Детство Промилле проходит в удушающей обстановке. По словам моего клиента, его мать – женщина подозрительная, завистливая, мелочная, сентиментальная, безвольная и склонная к дешевым эффектам. Не зная своего отца, она называет папой мужа. Отношению матери Промилле к отцу ребенка как к фигуре в большей степени родительской, чем супружеской, способствует и то обстоятельство, что она младше мужа на шесть лет.

На памяти моего клиента родители не спят в одной постели. Промилле предполагает, что совместная сексуальная жизнь у них отсутствует или является совсем уж фрагментарной.

До рождения Промилле его мать не работает, а только учится в ВУЗе. Беременеет она от мужчины, который кажется ей мудрым и опытным. Промилле же характеризует своего отца как человека безответственного, подлого, узколобого, дурно воспитанного и ревнивого.

Мать, будучи, по словам Промилле, кое в чём еще глупее мужа, после родов остается дома вести хозяйство и воспитывать сына. Мой клиент утверждает, что и то, и другое получается у нее скверно. В их квартире пыльно, раковину заполняет гора немытой посуды, а сама хозяйка пренебрегает элементарными правилами гигиены, принимая душ раз в несколько дней. «От грязи не умирают», – любит повторять она. Одно из ярких детских воспоминаний Промилле – кислый запах тела матери, заполняющий любое помещение, где та оказывается. Особенно скверно пахнет в комнате родительницы. Там последняя обожает лежать на диване, смотря телевизор или по телефону жалуясь на усталость подругам: тете Ольгунечке и тете Нинусечке. У матери отвратительные, по мнению моего клиента, риторические приемы: она постоянно называет собеседников уменьшительно-ласкательными именами и заставляет сына говорить слово «тетя» всем взрослым женщинам, а не только родственницам.

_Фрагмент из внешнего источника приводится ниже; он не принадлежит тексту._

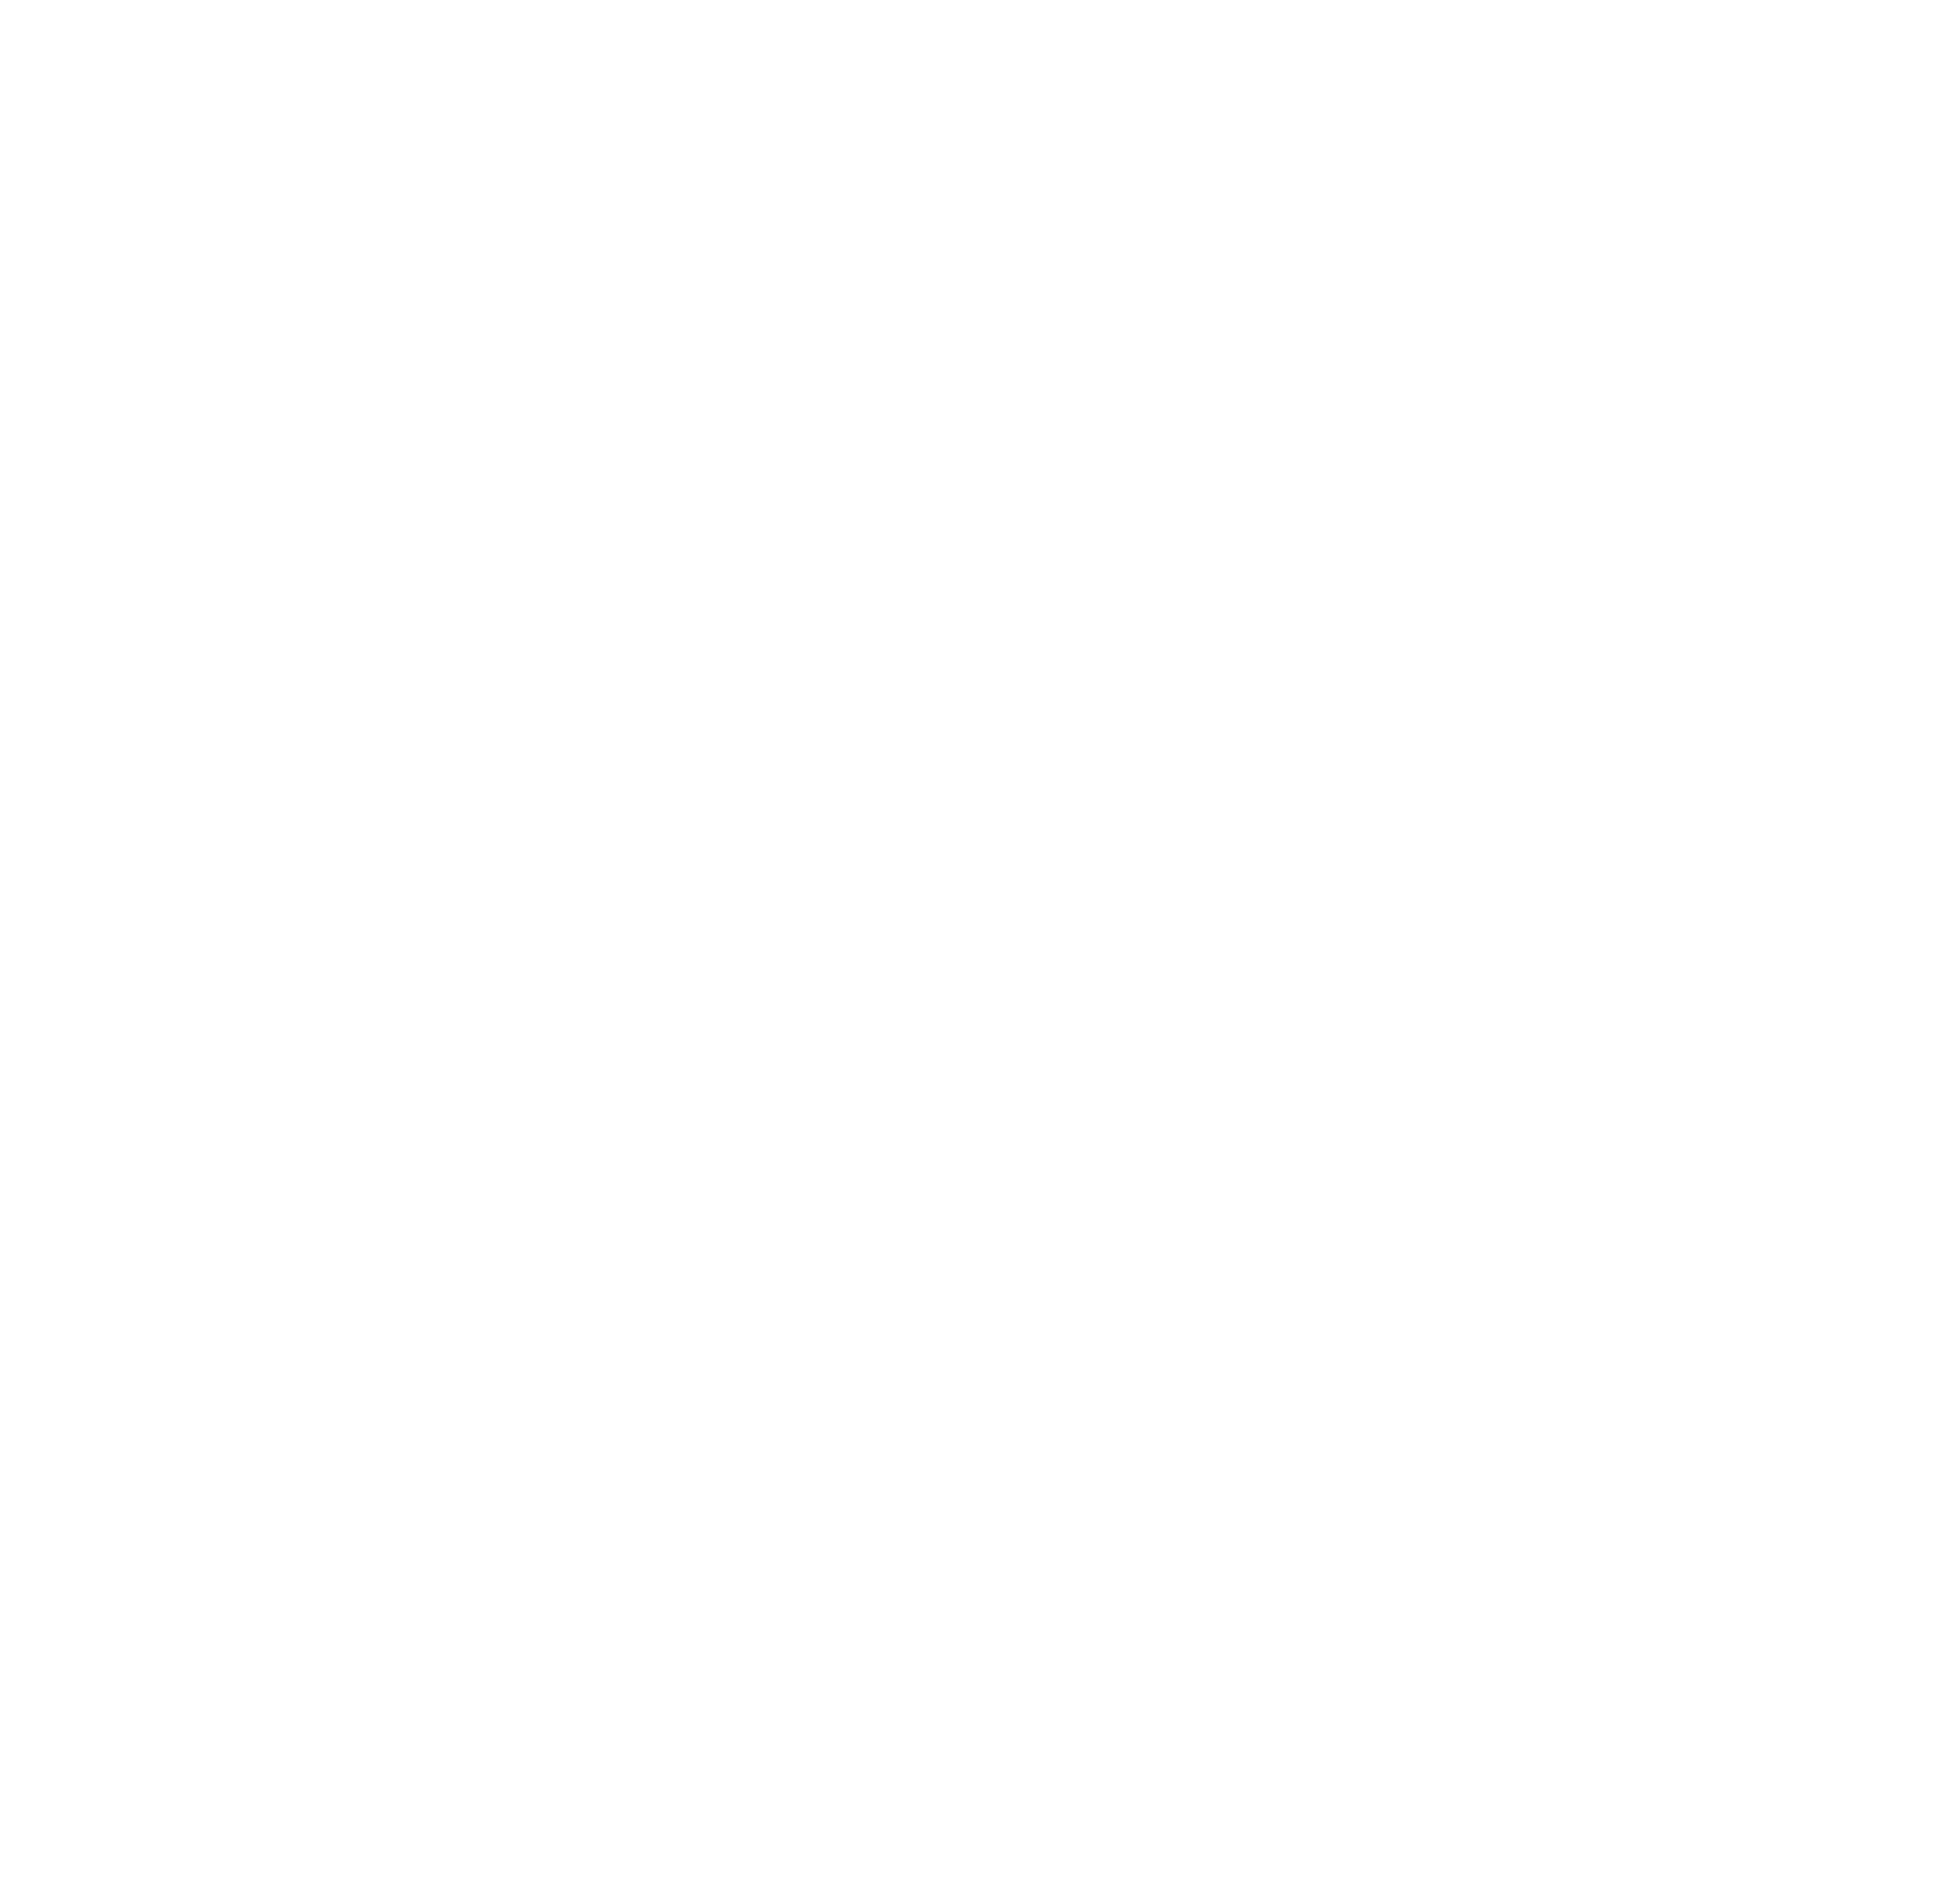 Cappai Jet Randonnée - Port Tino Rossi

Организовывать жизнь ребенка мать предпочитает при помощи запретов и ограничений. Она ревностно требует от Промилле общаться только с теми одноклассниками, которые приходятся ей по вкусу, и находит изъяны в любом мальчике, с которым сын пытается подружиться самостоятельно. Паша слишком крупный, у него уже пробиваются усы, и вряд ли он может научить чему-то хорошему маленького Промилле. Володя Набоков хвастается тем, что читает «Лолиту» своего знаменитого тезки, – не хватает, чтобы мальчик вслед за таким другом увлекся порнографией. Андрюша смуглый, прямо копченый, так что непонятно, кто его родители, уж не цыгане ли. Наконец, Игорь настаивает, чтобы его и в школе, и дома называли Гариком, – маленькому Промилле нужно дружить с серьезными детьми, а не с тем, кто так легкомысленно относится к собственному имени.

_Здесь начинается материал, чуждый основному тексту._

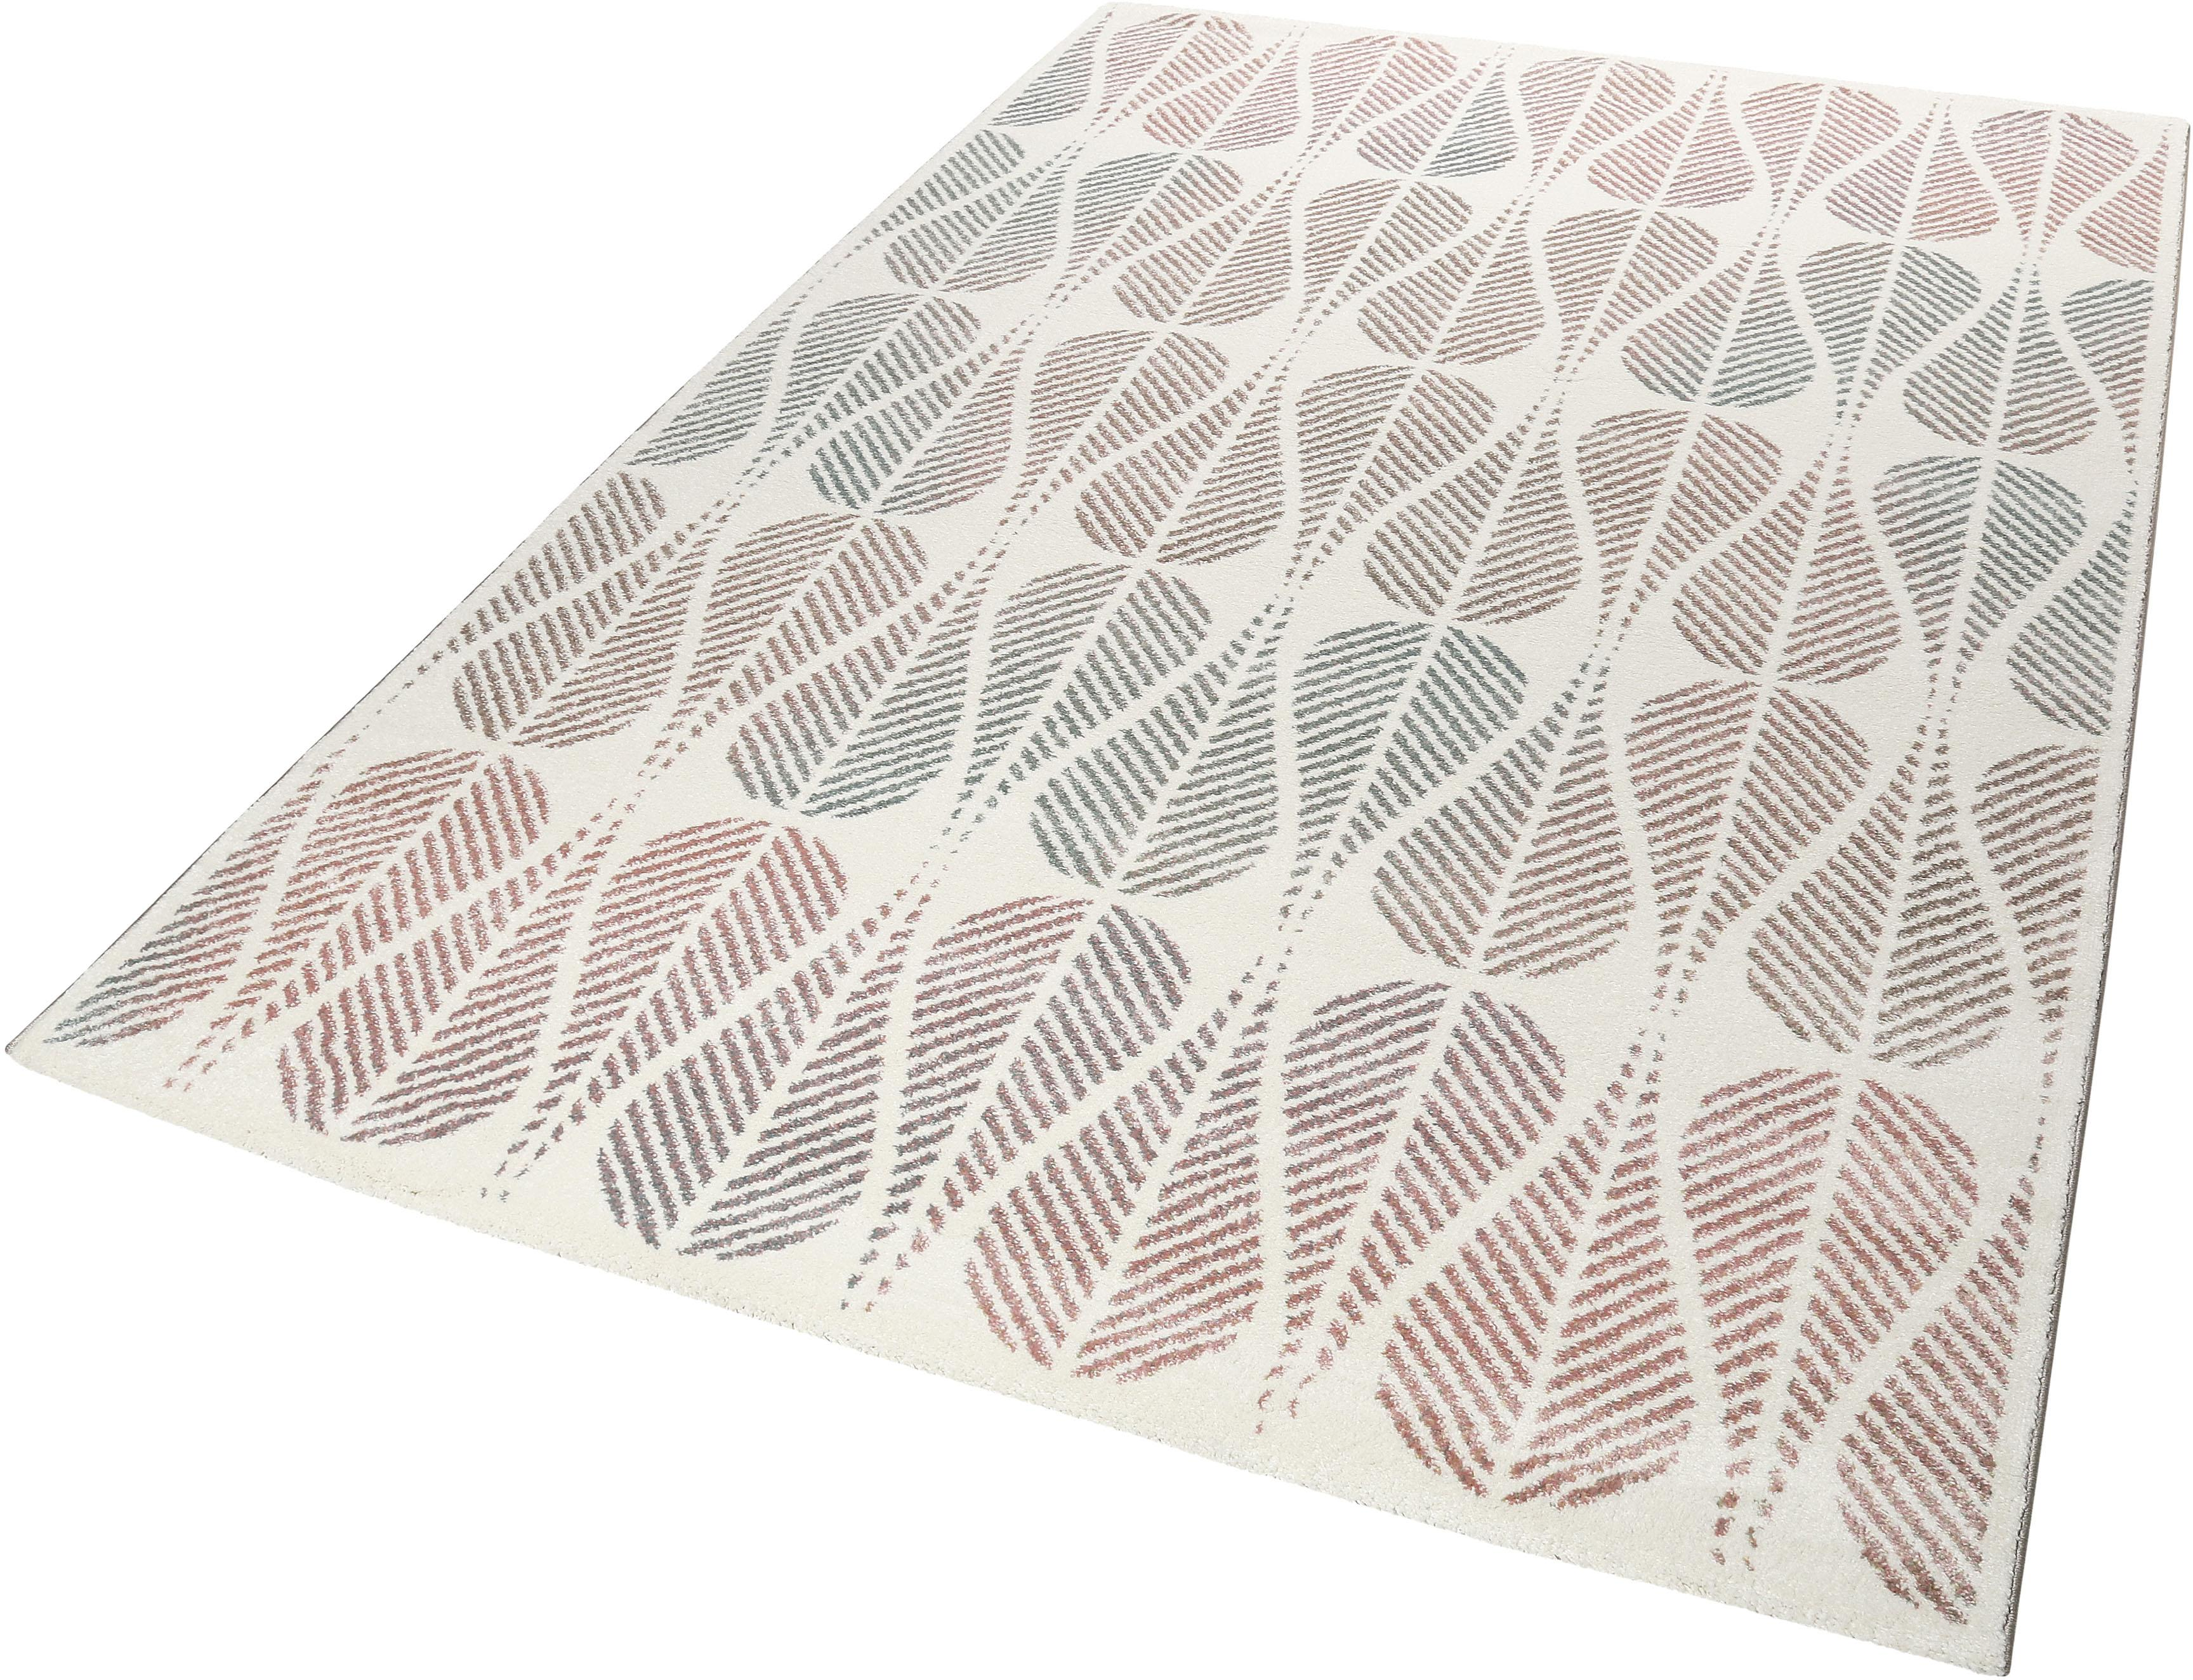 Teppich Zeno Esprit rechteckig Höhe 13 mm maschinell gewebt

– Вероятно, – говорит мой собеседник, – Промилле запрещали бы соцсети. Да вот беда, соцсети еще не изобрели.

Играть в карты и сквернословить моему будущему клиенту тоже не дозволяется, как и писать девочкам валентинки на 14 февраля. Мальчику рано интересоваться противоположным полом, считает отец. Мать каждую отличающуюся от пятерки оценку сына связывает с тем, что последний засматривается на какую-нибудь одноклассницу. Студентом он подумывает издевки ради совершить перед родителями каминг-аут, но ему противно лишний раз общаться с ними.

Материнскую цензуру проходят не только друзья, но и литература. Промилле-первокласснику нельзя брать в руки «Хроники Нарнии», потому что у книги непонятное название. Зато мальчику можно читать «Идиота» и «Братьев Карамазовых», в которых он мало что способен понять. Его мать – восторженная поклонница Достоевского.

Промилле должен соответствовать имеющемуся в ее голове образу идеального ребенка. Мать запрещает сыну бегать на переменах: мальчик, считает она, перевозбуждается и становится неспособен сосредоточиться на уроках; кроме того, его может продуть. Всякий раз, когда Промилле начинает хворать, мать ругается: ей не по нраву ухаживать за больным ребенком, к тому же это занятие отвлекает от телевизора и телефона. По наблюдению самого Промилле, такое поведение матери приводит к тому, что и во взрослом возрасте ему неуютно признаваться в плохом самочувствии. Высокую температуру он переносит на ногах, а признаки болезни объясняет окружающим аллергией.

– «М» значит «убийство», – говорит мой клиент. – «Убийство», а вовсе не «мамаша».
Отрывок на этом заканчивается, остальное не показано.